2025-01-27 1:20 [PATCH 0/7] nfsd: filecache: change garbage collection lists NeilBrown
` (2 preceding siblings ...)
2025-01-27 1:20 ` [PATCH 3/7] nfsd: filecache: move globals nfsd_file_lru and nfsd_file_shrinker to be per-net NeilBrown
@ 2025-01-27 1:20 ` NeilBrown
2025-01-27 14:15 ` Jeff Layton
2025-01-27 1:20 ` [PATCH 5/7] nfsd: filecache: document the arbitrary limit on file-disposes-per-loop NeilBrown
` (4 subsequent siblings)
8 siblings, 1 reply; 23+ messages in thread
From: NeilBrown @ 2025-01-27 1:20 UTC (permalink / raw)

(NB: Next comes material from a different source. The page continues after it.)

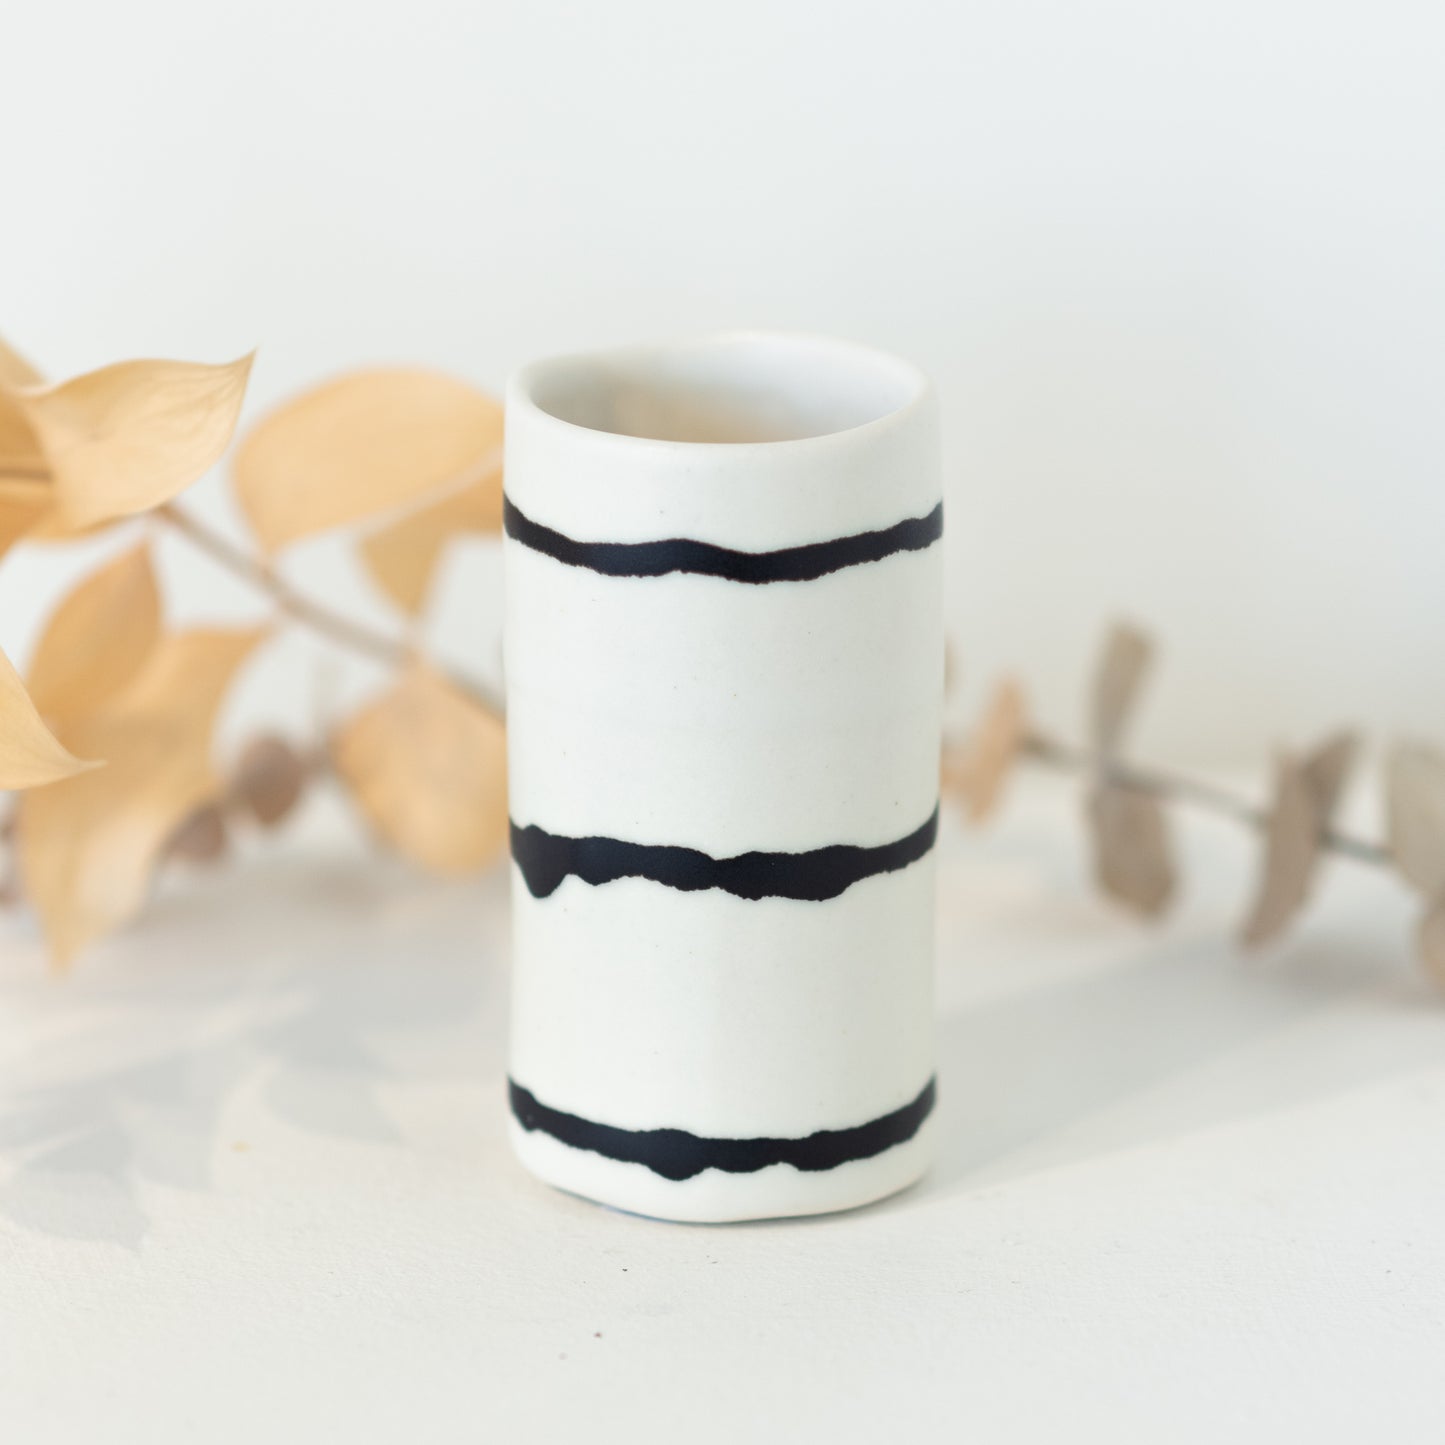 White vase with black irregular horizontal lines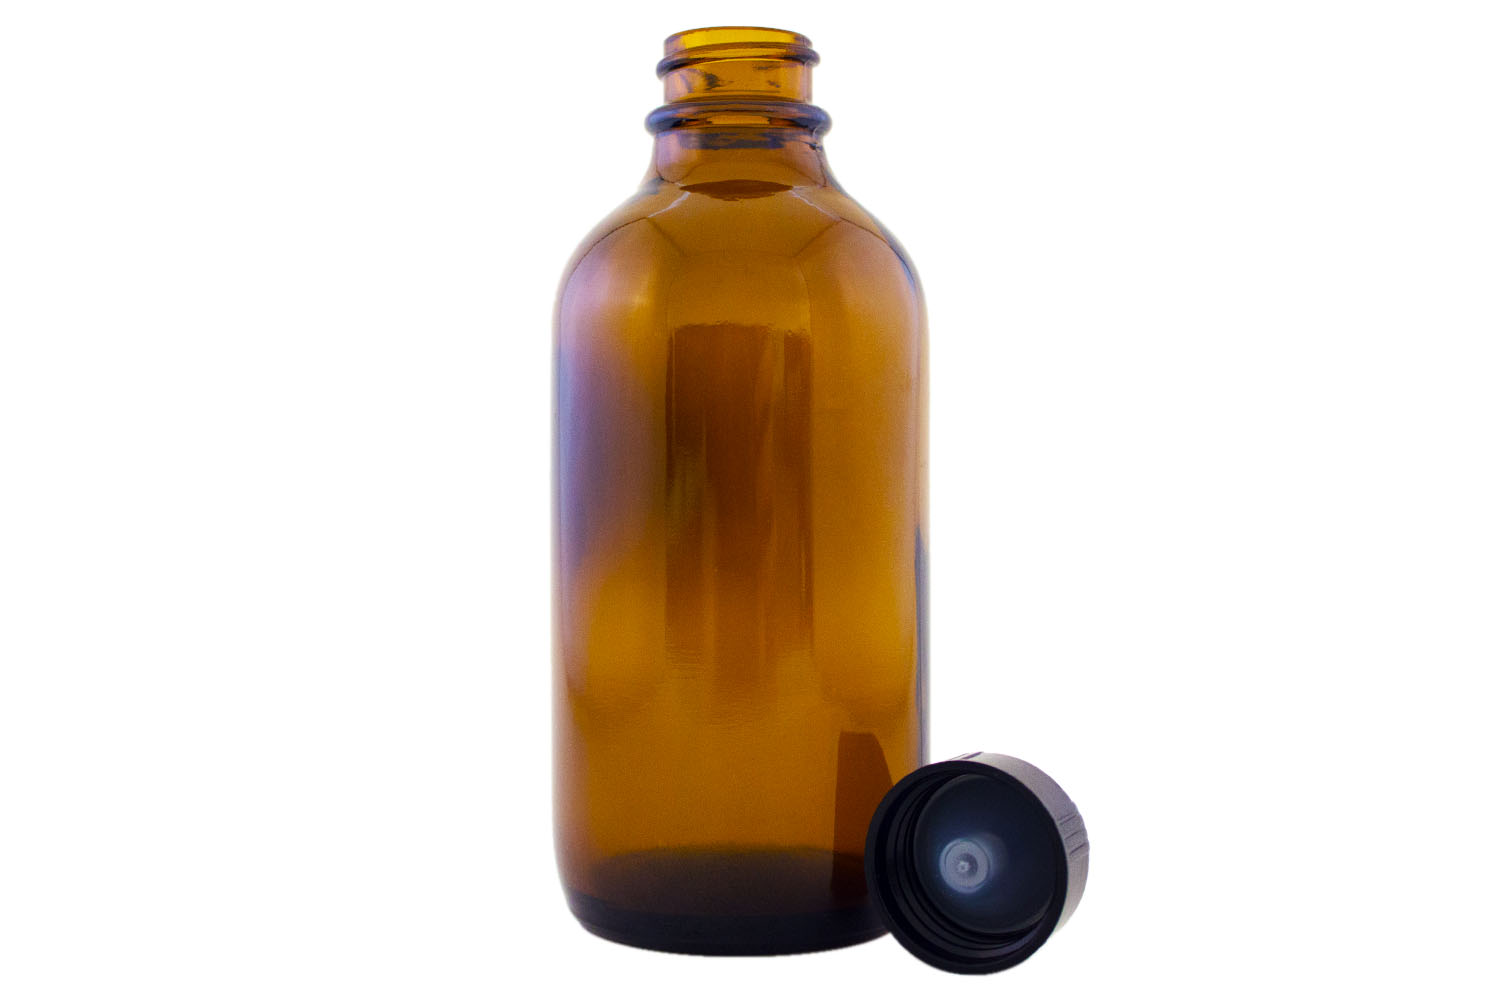 4oz amber glass bottle with phenolic lid

To: Chuck Lever, Jeff Layton
Cc: linux-nfs, Olga Kornievskaia, Dai Ngo, Tom Talpey, Dave Chinner
The nfsd filecache currently uses list_lru for tracking files recently
used in NFSv3 requests which need to be "garbage collected" when they
have becoming idle - unused for 2-4 seconds.
I do not believe list_lru is a good tool for this. It does not allow the
timeout which filecache requires so we have to add a timeout mechanism
which holds the list_lru lock while the whole list is scanned looking for
entries that haven't been recently accessed. When the list is largish
(even a few hundred) this can block new requests which need the lock to
remove a file to access it.
This patch removes the list_lru and instead uses 2 simple linked lists.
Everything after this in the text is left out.